И так он это проговорил, что я тут же понял — стоит человек этот на Страже Жизни Нашей, и надо с ним быть поосторожней. А к этому времени мы и вина выпили изрядно, и хоть чувство опасности у меня возникло, и было упреждение в душе,— не удержался и понесло меня...
— Да у вас,— говорю я,— звезды самого тонкого и мистического человека обличают. Только не с той стороны медали вы к жизни себя обратили, у всякой медали ведь две стороны. Вот вы себе и другим на горло в этом смысле и наступаете...
И чувствую, сильно он меня не полюбил. С того дня,
А я эти дела хорошо чувствую. И сны у меня на эту тему были. Тревожащие пошли видения, предупреждающие.

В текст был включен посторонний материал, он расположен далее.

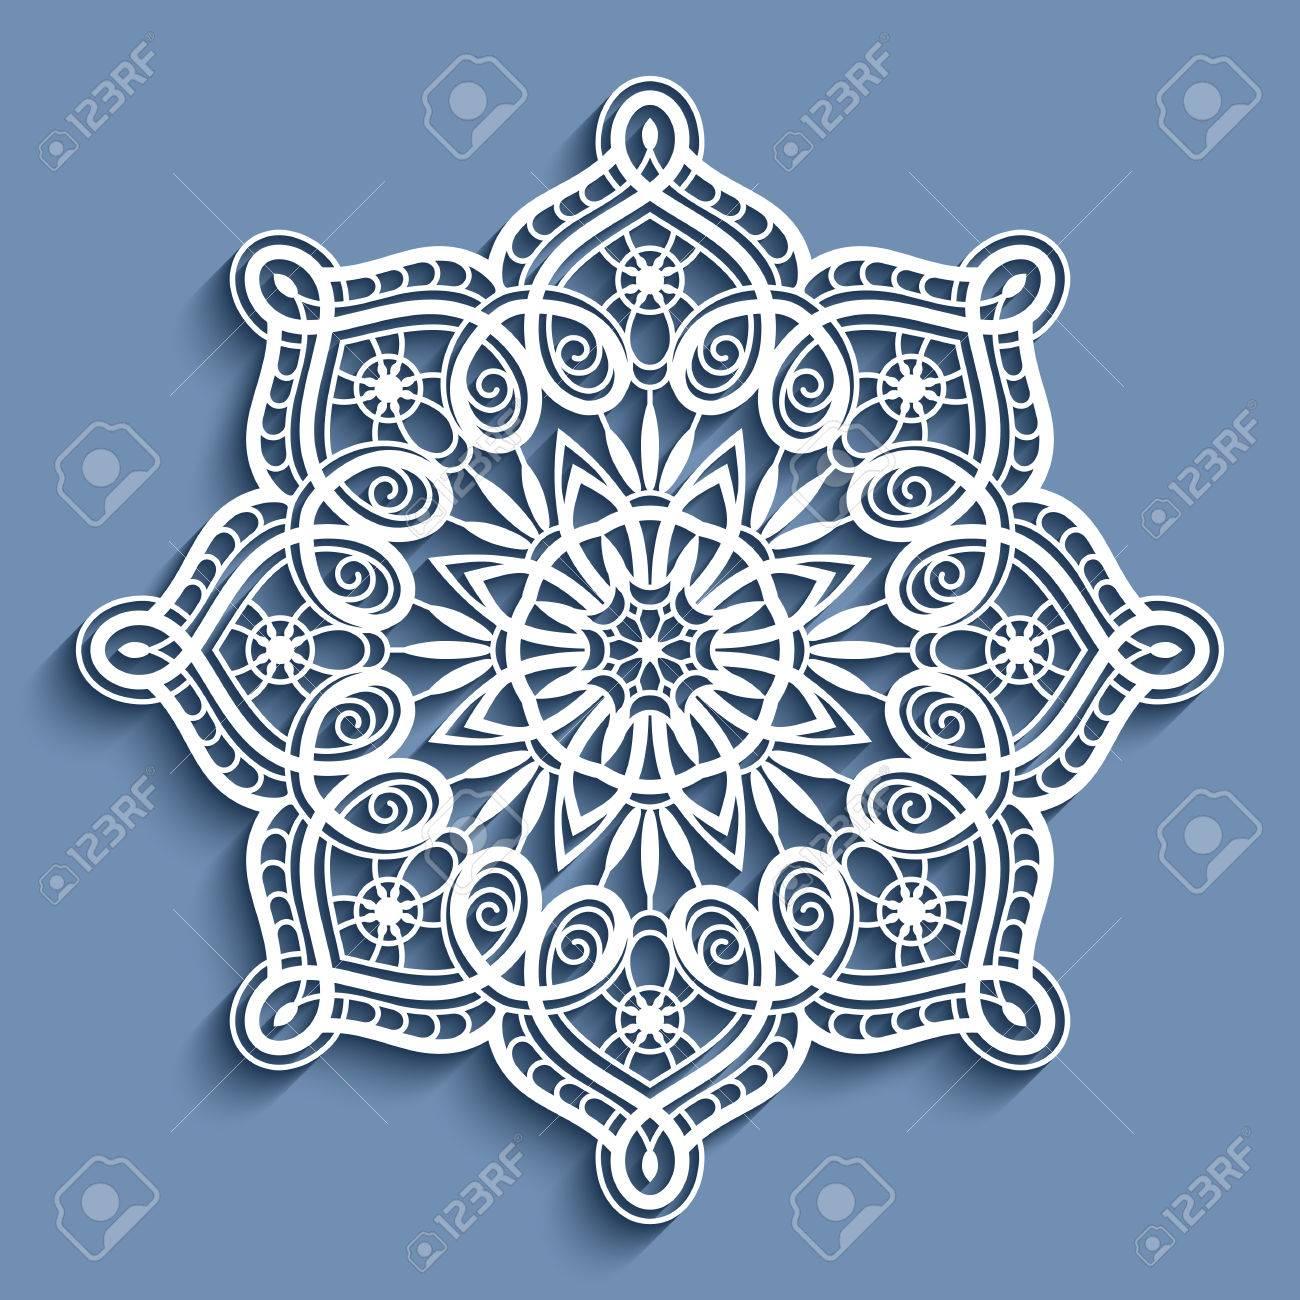 Pañito De Encaje De Papel, Copo De Nieve Decorativo, Mandala ...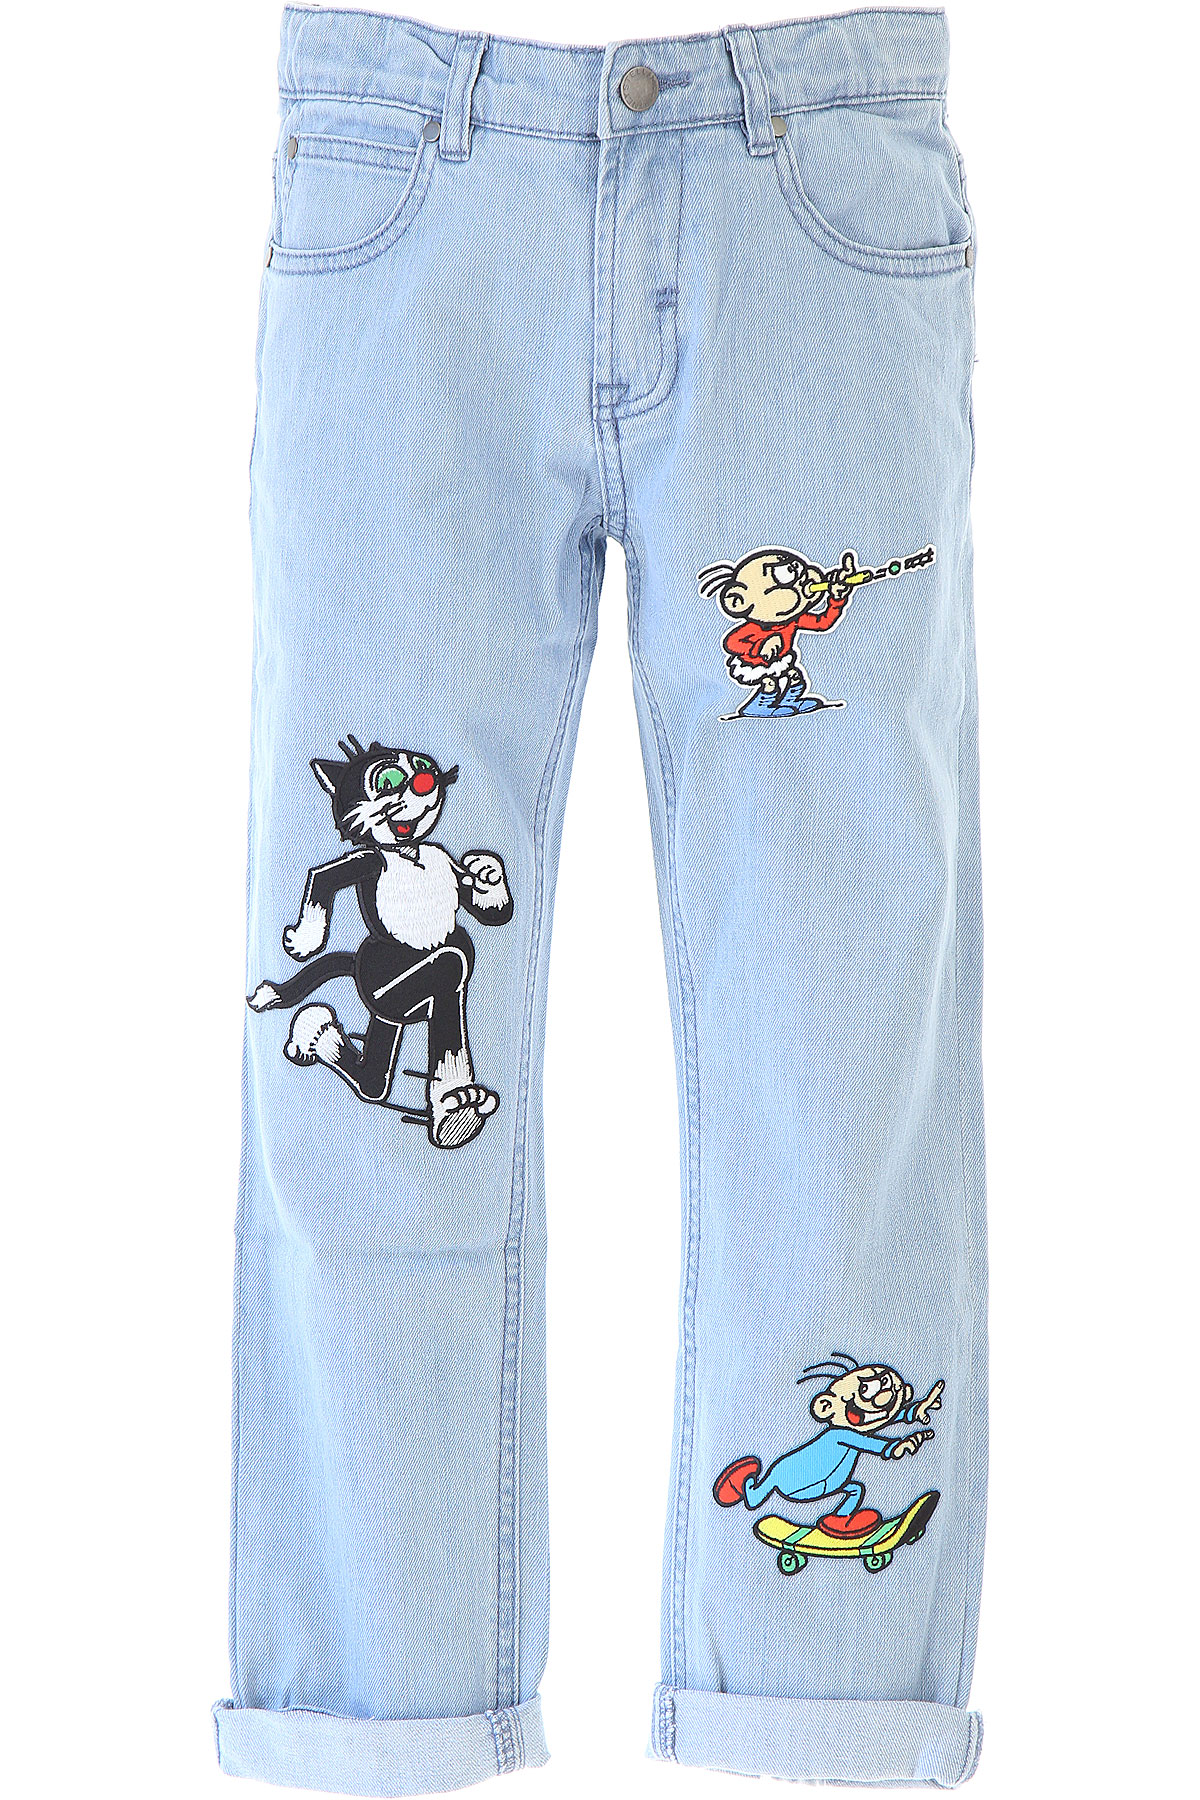 Stella McCartney Kids Jeans for Boys, Blue Denim, Cotton, 2017, 10Y 14Y 16Y 4Y 8Y USA-467565

Сон со знакомством был неприятным в особенности. Вижу я такую картину, как будто представляет меня его Отец каким-то иностранцам, французам по всему, знакомит. И так елозит возле лживо. Я называю свое имя и фамилию, очень отчетливо произношу. В ответ мне француз руку сует и бормочет, мол, очень приятно...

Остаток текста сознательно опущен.